Бухарчик уже ликовал, не вникая в тень, легшую на лицо старика. Дед подписался. Пусть не понимая куда, пусть по привычке кивая на все, что несет с собой эта шумная, пьяная капля его угасающей крови. Глухота была не препятствием, а благословением для этой сделки с неведомым будущим. В душной кухне повисло негласное согласие на участие в музыкальном безумии.
3
Воздух у входа в мясной цех был другим – резким, металлическим, пропитанным страхом и смертью животных. Въевшейся в бетон запах крови смешивался с едкой хлоркой, не способной перебить первобытную вонь разложения и кишок. Тусклый свет редких фонарей отбрасывал длинные, корчащиеся тени. Пар валил из вентиляционных решеток, как дым подземных крематориев. Именно здесь, в этом пограничье между миром живых и царством разделанных туш они подкараулили Давида Хачатуряна.

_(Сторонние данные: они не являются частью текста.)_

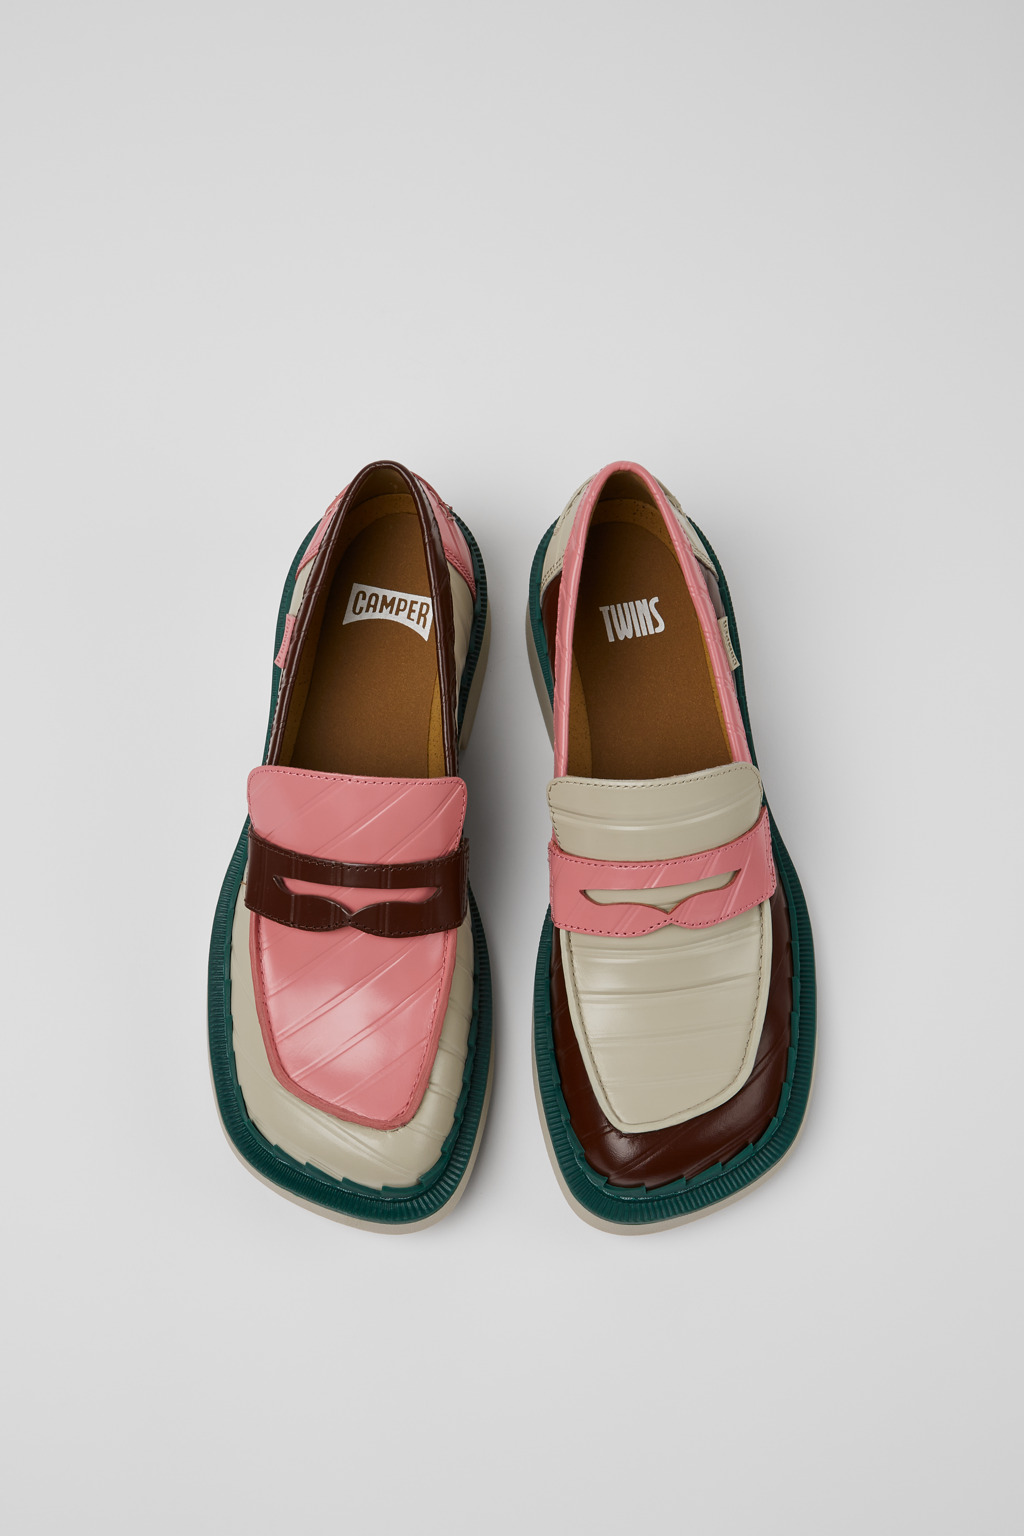 Twins Multicolor Loafers for Women - Fall/Winter collection - Camper

Парень вышел, сгорбившись, будто неся невидимую тяжесть. Худой до прозрачности, с настороженным, слишком взрослым выражением на мертвенно-бледном лице. Темные круги под ними казались синяками усталости. Давид нес тугой сверток, обернутый в грубую бумагу, из которой проступали жирные пятна. Одежда на нем пропахла смертью – сладковато-медный дух крови, от которого сводило скулы. Увидев две подвыпившие фигуры, перекрывающие путь в узком проходе между мрачными стенами цеха, парень инстинктивно сжался. Плечи подались вперед, взгляд метнулся в поисках путей отхода, как у загнанного зверька. В его позе читался вековой страх перед неожиданностью, перед чужой силой.

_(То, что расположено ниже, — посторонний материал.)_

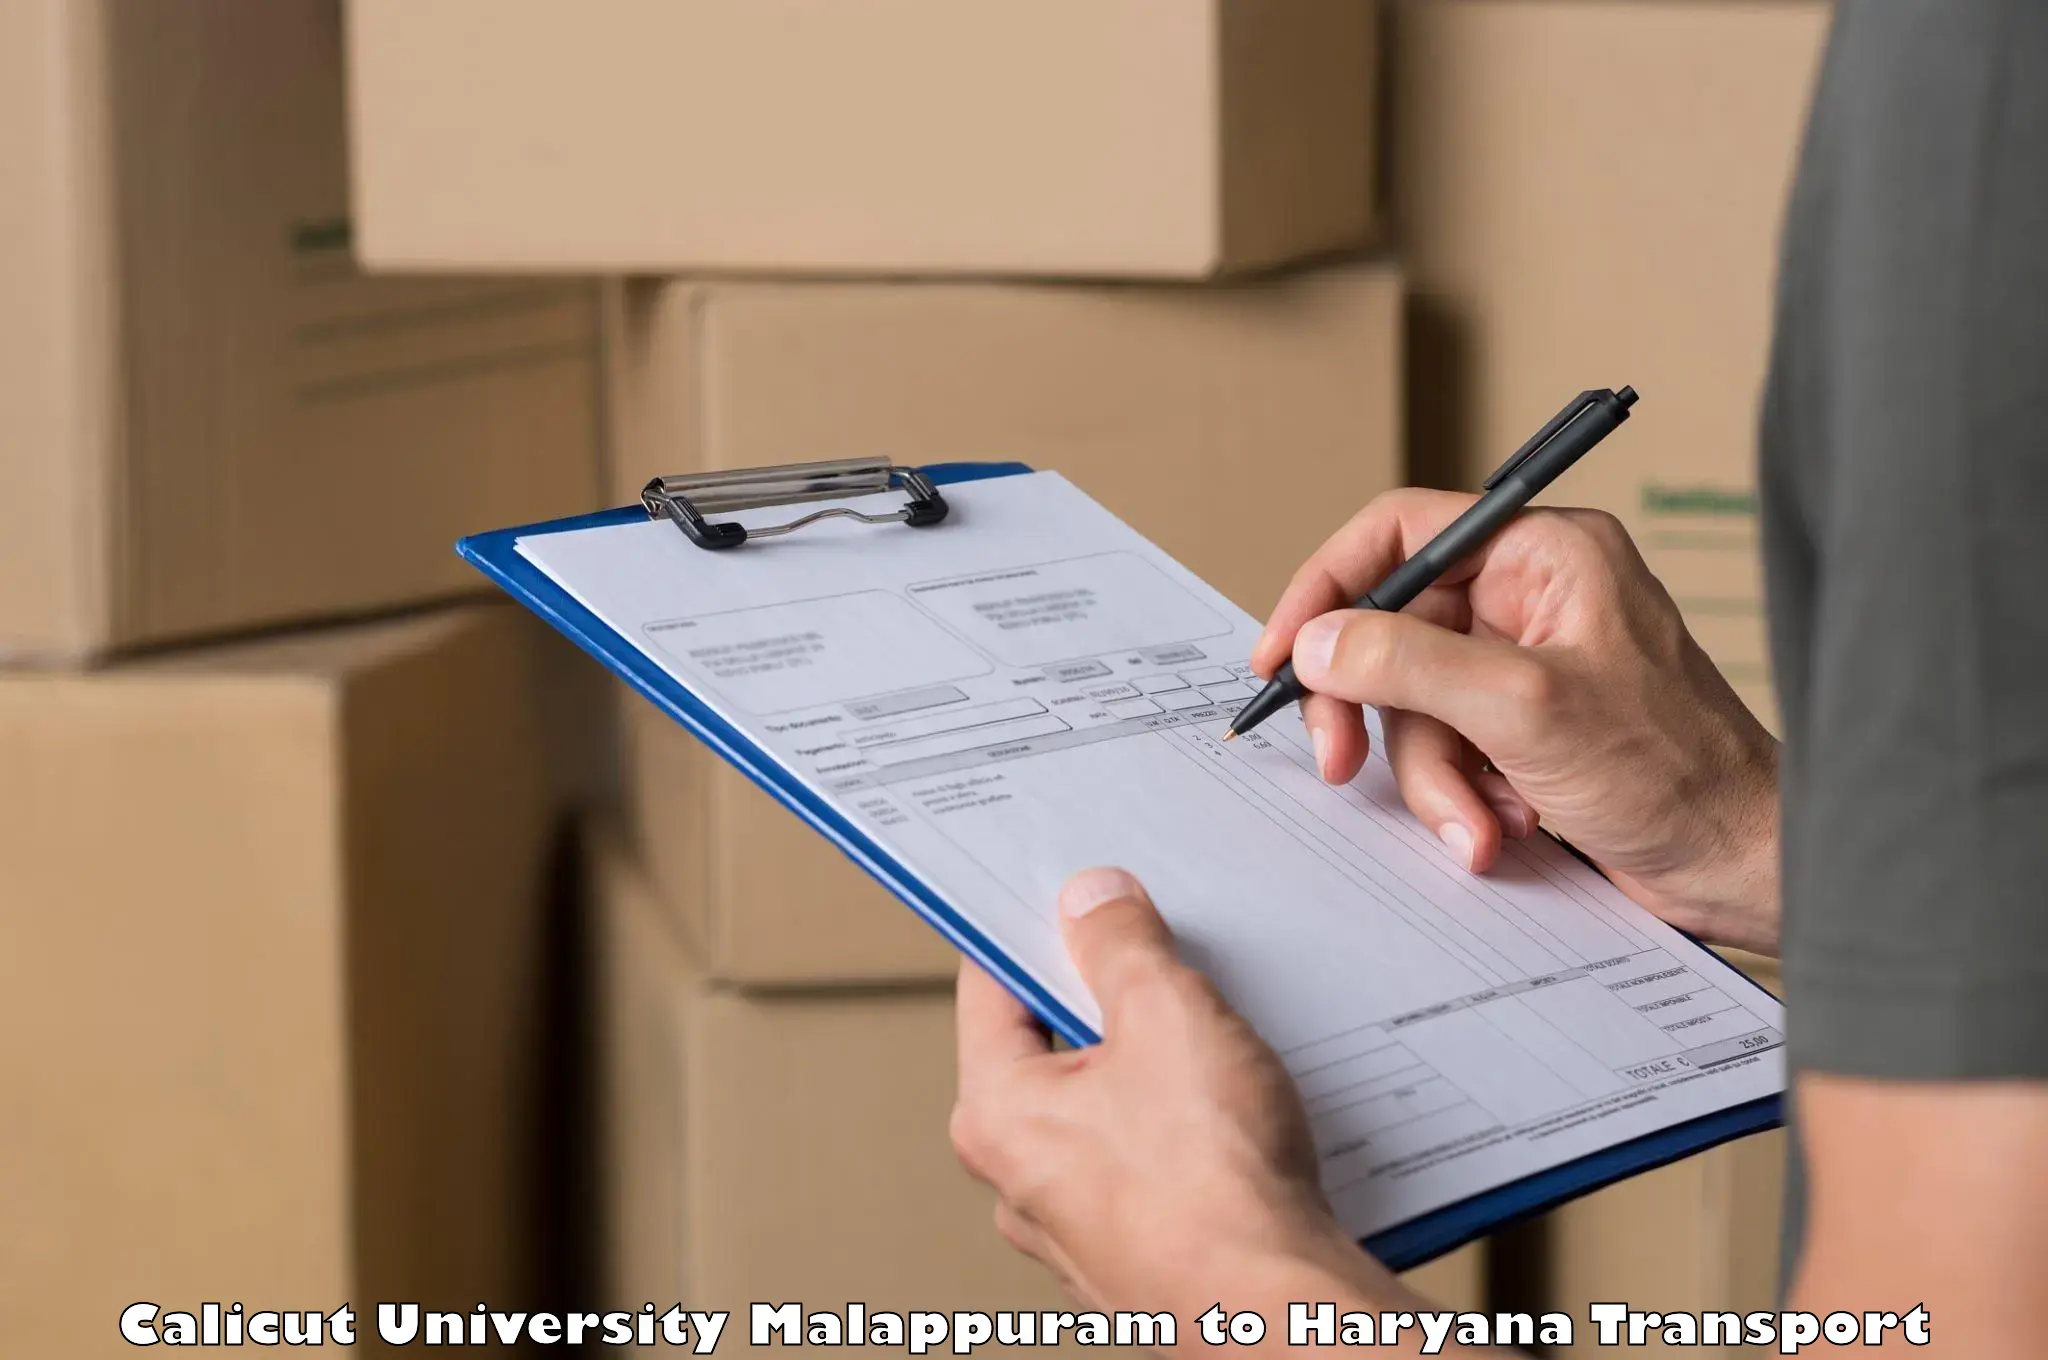 Package delivery services Calicut University Malappuram to Siwani

– Пацан! – Бухарчик, подогретый успехом с дедом и рюмочкой с водкой, шагнул вперед, распахнув объятия, пытаясь обволакивающе-братски притянуть его. Запах сивухи и пота наложился на смрад цеха.
Давид ловко, почти по-кошачьи, отпрыгнул в сторону. Огромные и темные как бездонные колодцы глаза настороженно изучали соседей по двору. В них не было особого любопытства, только усталая кроличья осторожность и глухая стена.

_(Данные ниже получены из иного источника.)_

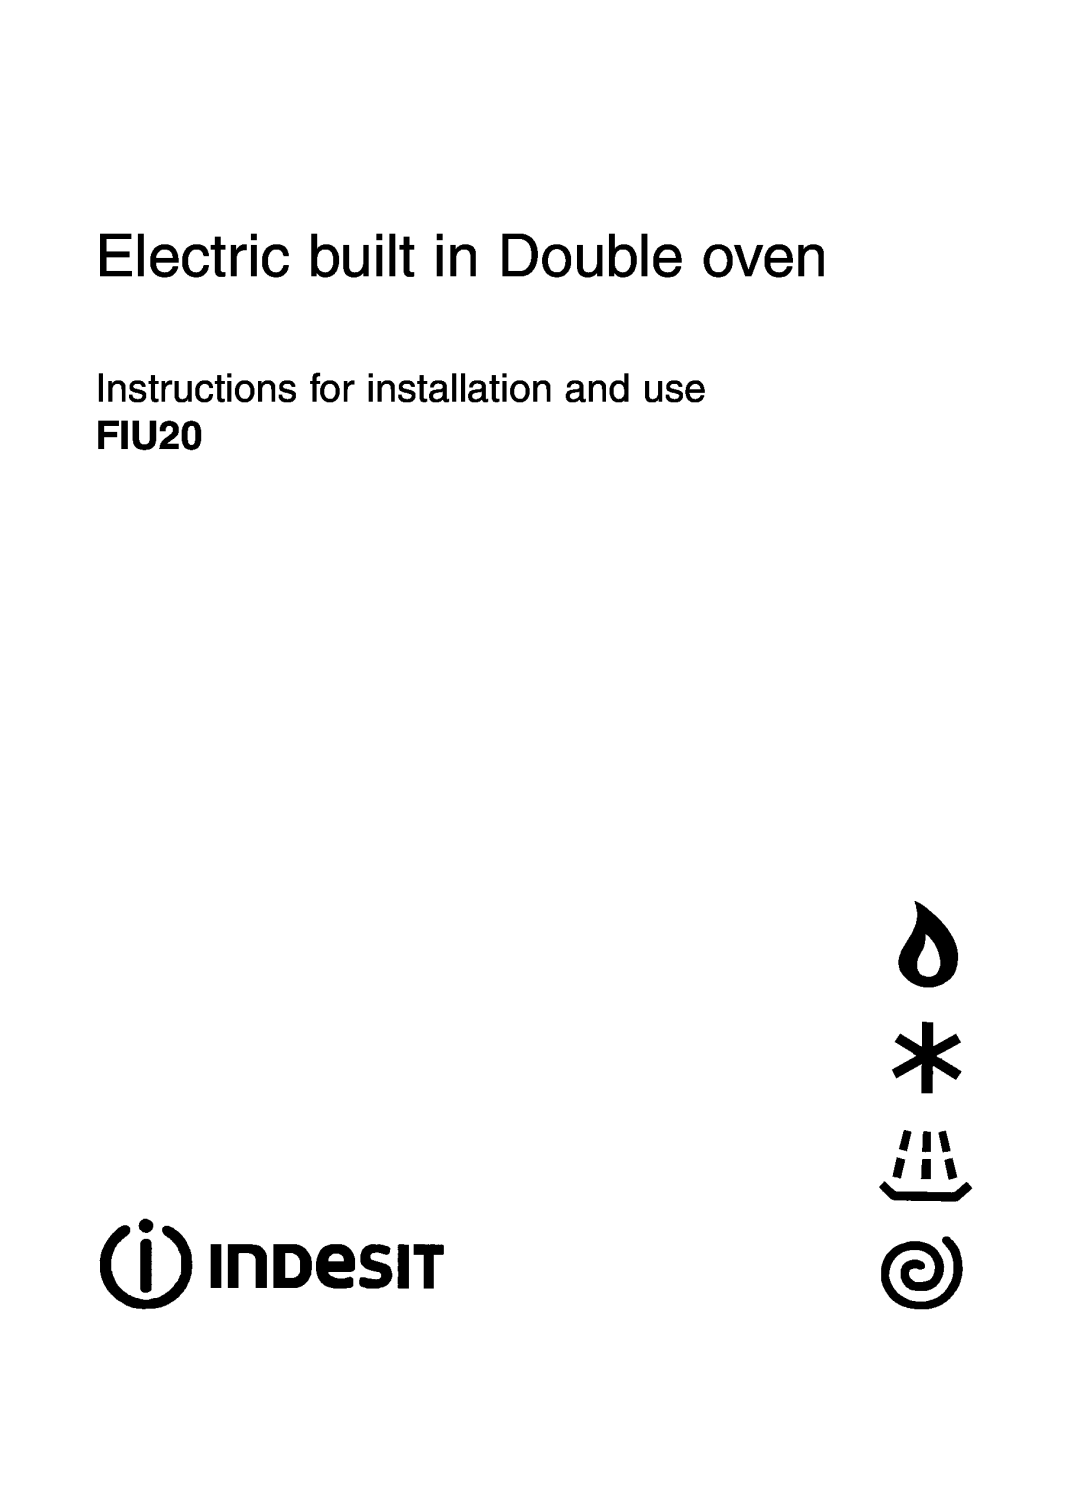 Indesit FIU20 manual Electric built in Double oven, Instructions for installation and use

– Ты с нами! – не смутившись гремел Бухарчик, тыча грязным пальцем в грудь паренька. – В группу! Музыкальную! Ты… на флейте! – Он выпалил это как неоспоримый факт, как приговор.
Давид молчал. Сверток в его руках казался единственной реальной опорой. Он лишь крепче сжал его, костяшки пальцев побелели. Его молчание было громче крика, оно висело в едком воздухе, наполненное недоверием и вопросом.
– У меня нет флейты, – наконец прозвучало тихо, почти шепотом. Голос был плоским, лишенным интонаций, как чтение уведомления. – Тетка выкинула давно. – В этих словах – не сожаление, а констатация еще одной утраты в череде многих.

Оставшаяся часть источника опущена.